Opinion: Mohamed Faizal Should Not Be Appointed Judicial Commissioner

Dear Editor,

I’m very concerned about this particular case: https://www.channelnewsasia.com/singapore/toc-terryxu-no-additional-jail-term-fine-3677711  given that the government’s DPP in this instance, a Mohamed Faizal has been nominated to serve as a high court judicial commissioner come next year.

Considering how the case was very politically motivated to begin with and the numerous instances where the Defence was impeded in conducting cross examination of witnesses, I’m unsure if relying on the less than satisfactory conduct of Mr Mohamed Faizal to be appointed judicial commissioner is safe and sound in this present climate, where Singaporeans expect there to be fairness and transparency in government dealings especially in the judicial branch.
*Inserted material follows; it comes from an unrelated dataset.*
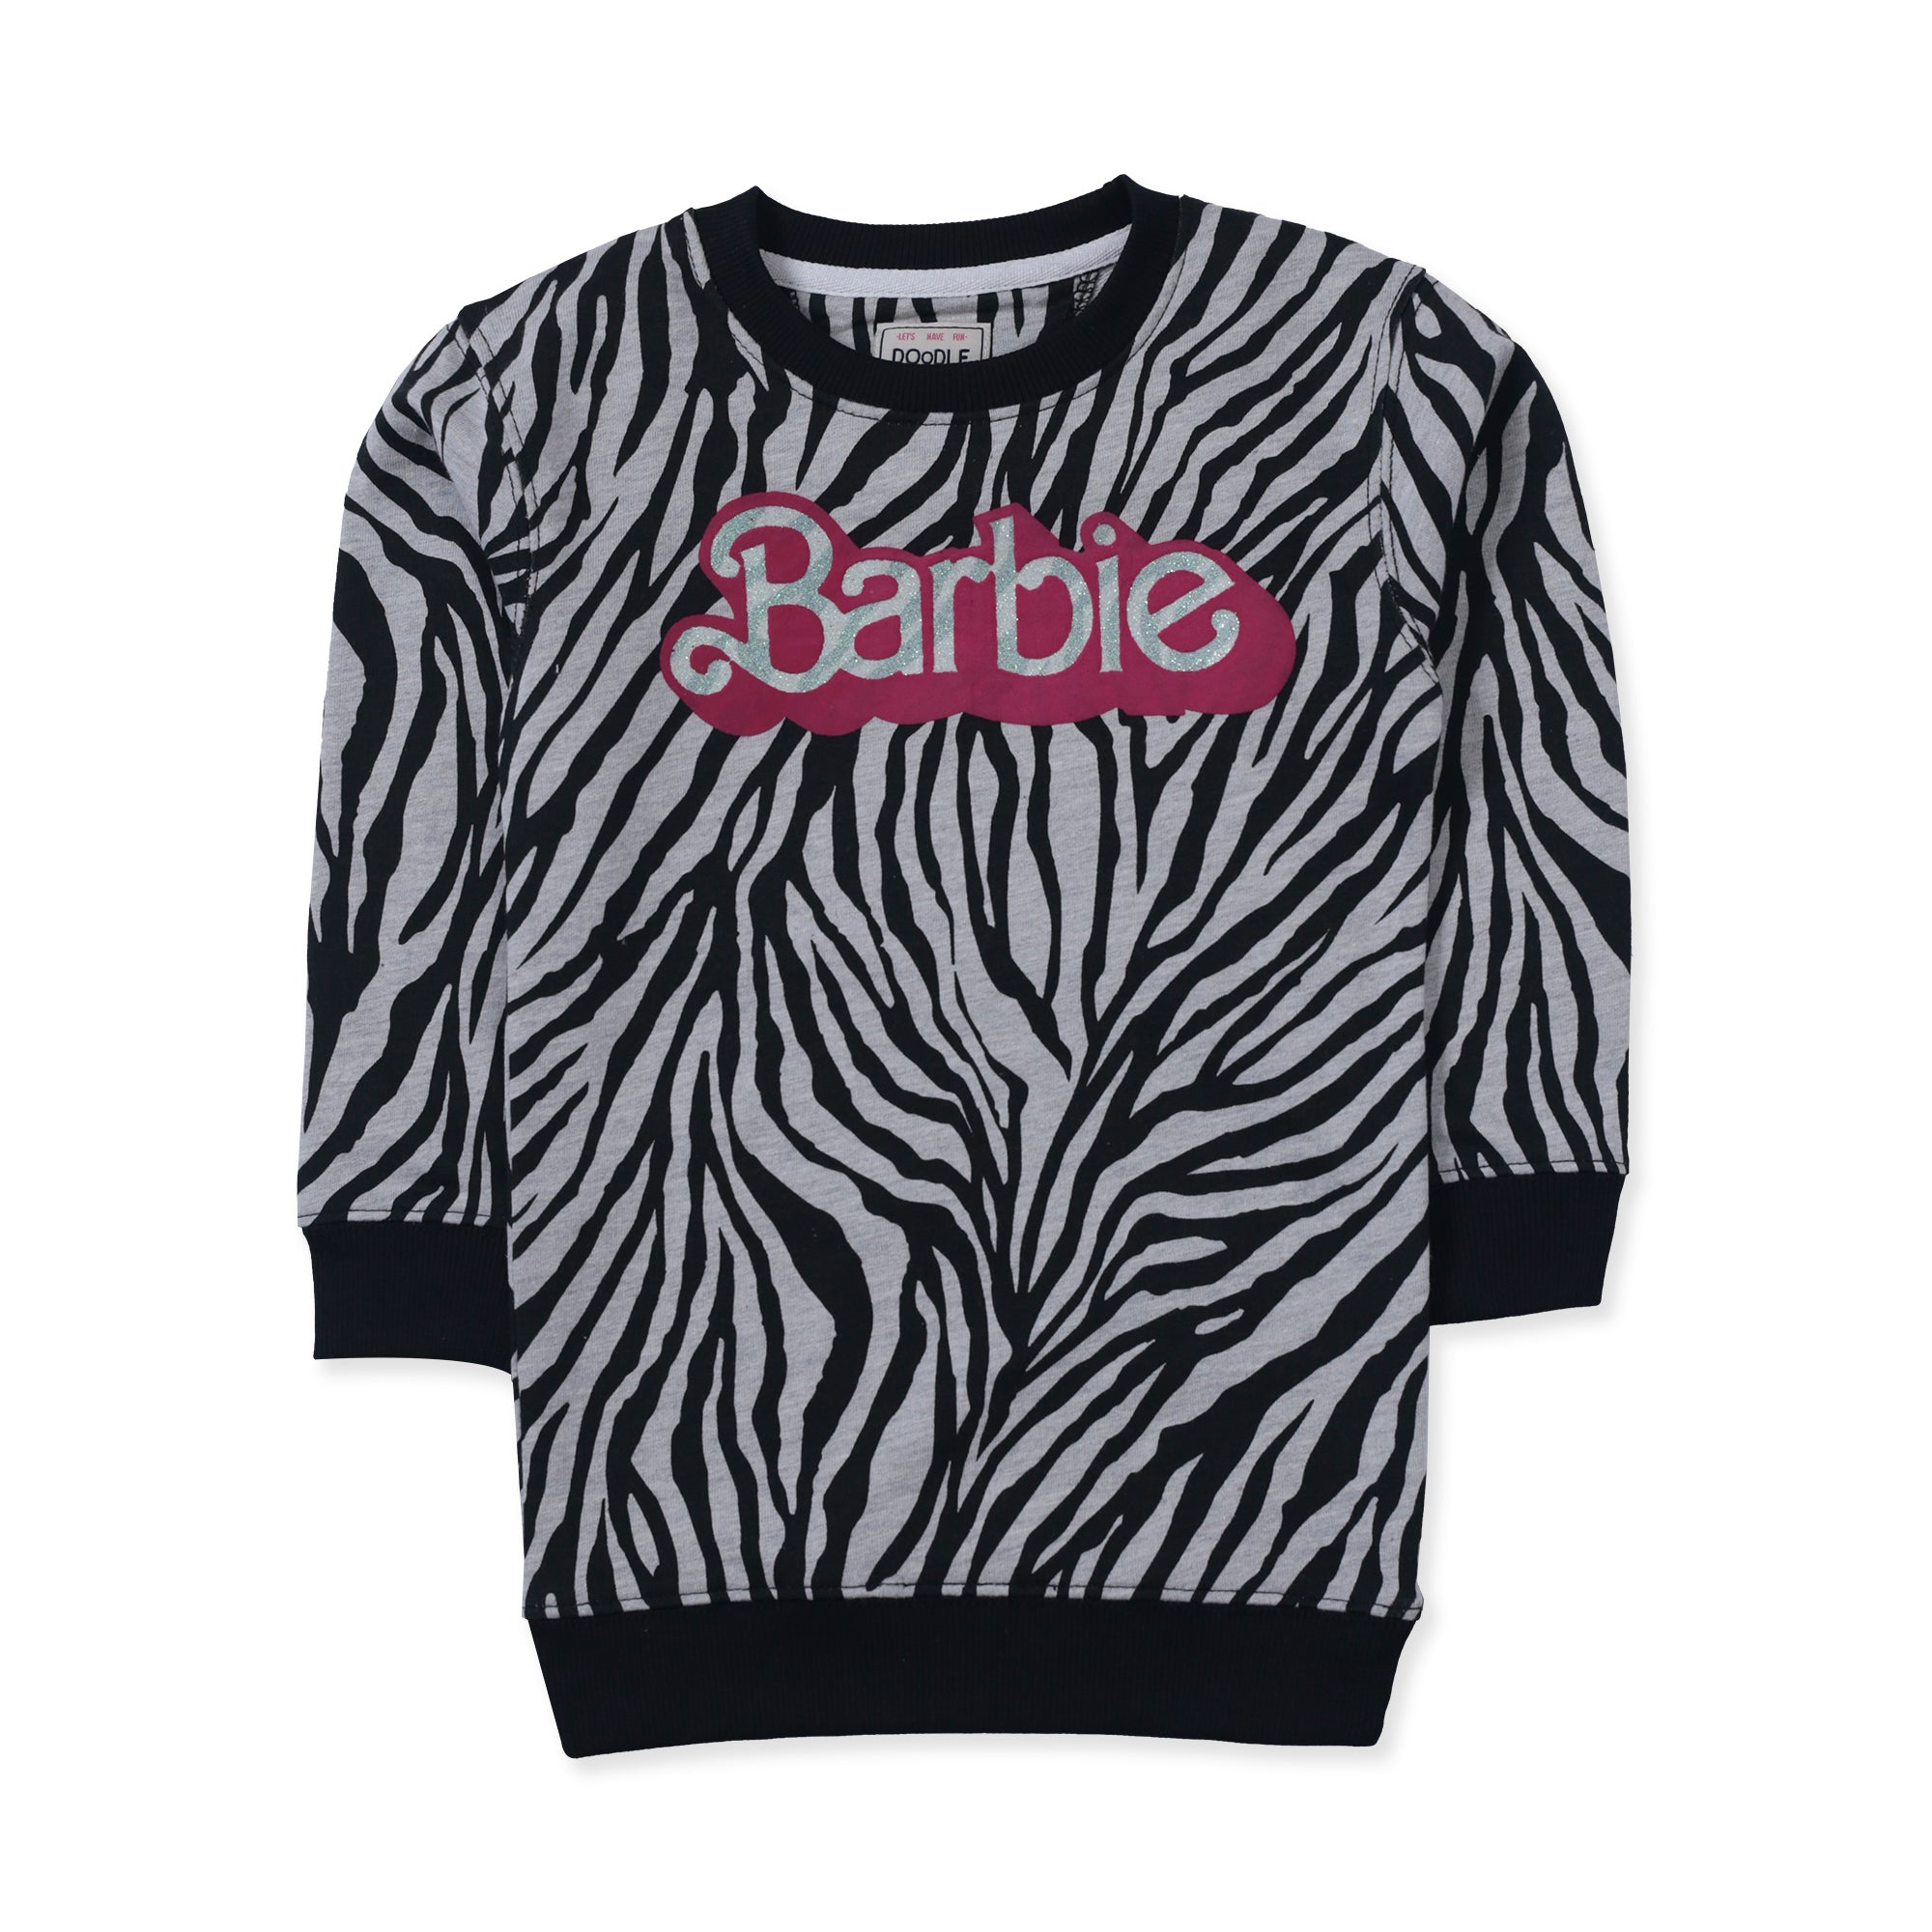 Barbie Graphic Black & White Printed Sweatshirt

The DPP has no track record to speak of and is only relying on the unsafe conviction of the 2 TOC editors to tout his background so to say. On hindsight, what the TOC editors wrote were not entirely untrue as Aedit Abdullah, J ruled on 4 May 23 that the duo did not defame cabinet as alleged but had merely insinuated that cabinet was incompetent under its watch and allowed corrupt practices to thrive as a result. The rest is history.
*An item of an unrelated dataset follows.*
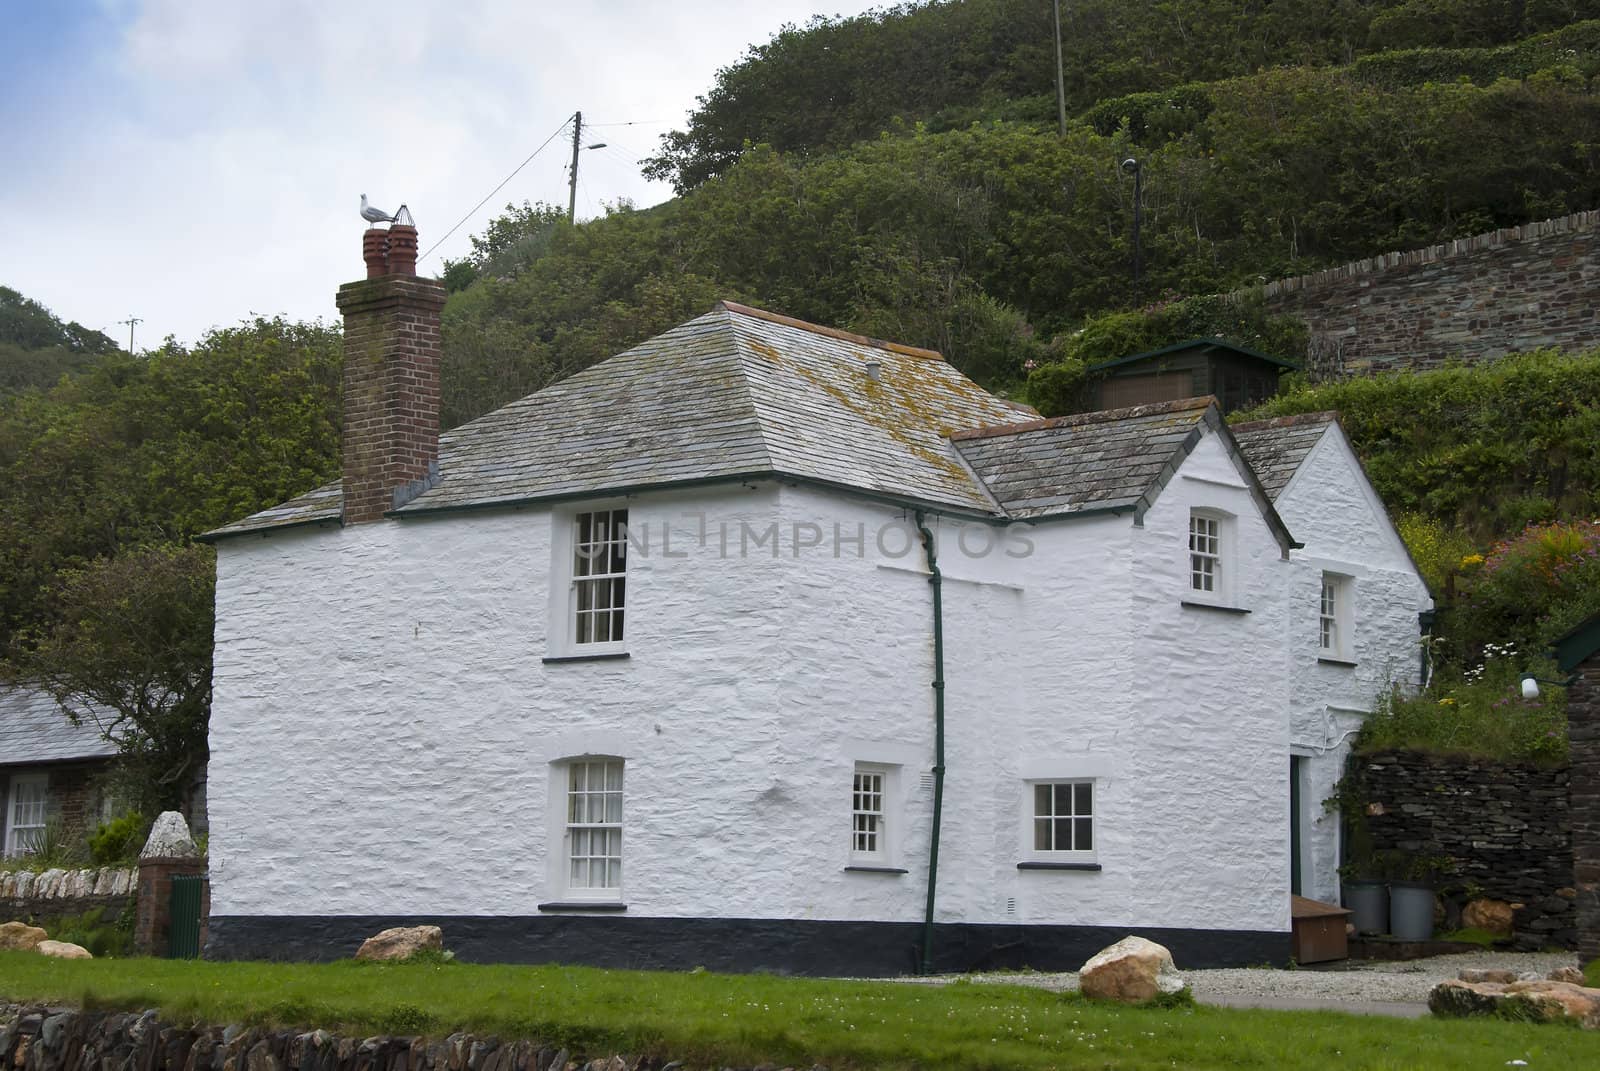 Cornish Cottage by d40xboy

For this, the learned judge commuted their sentences to a fine as he found the lower court’s imposition of jail terms as manifestly excessive.

However, as 1 of the editors chose to commence his jail term early so as not to increase bail conditions and monies, the DPP took issue with his early opting of serving the jail term and requested that he now either pay the fine or serve 2 weeks in default again.

Fortunately, some logic eventually prevailed and the justice ruled that it would be inconceivable for the editor to be imprisoned again. Which remains the only point of contention, do we want such a DPP to become a high court judge and potentially extend the government’s will in the judiciary?

This will be a crucial test for all Singaporeans as we head to the polls on 1 Sept to elect a president who can reject and not rubber stamp the government’s recommendations for high court judges, if he considers the recommendations to be political rather than based on meritocracy. 

In any case, the government has been making making a mockery of our electoral system by requesting ruling party politicians to resign from key posts just to contest for the Istana. Are we going to endorse such a system or tell the government we do not approve of such political manoeuvres? Now is the time to vote for a candidate other than the government’s anointed senior minister.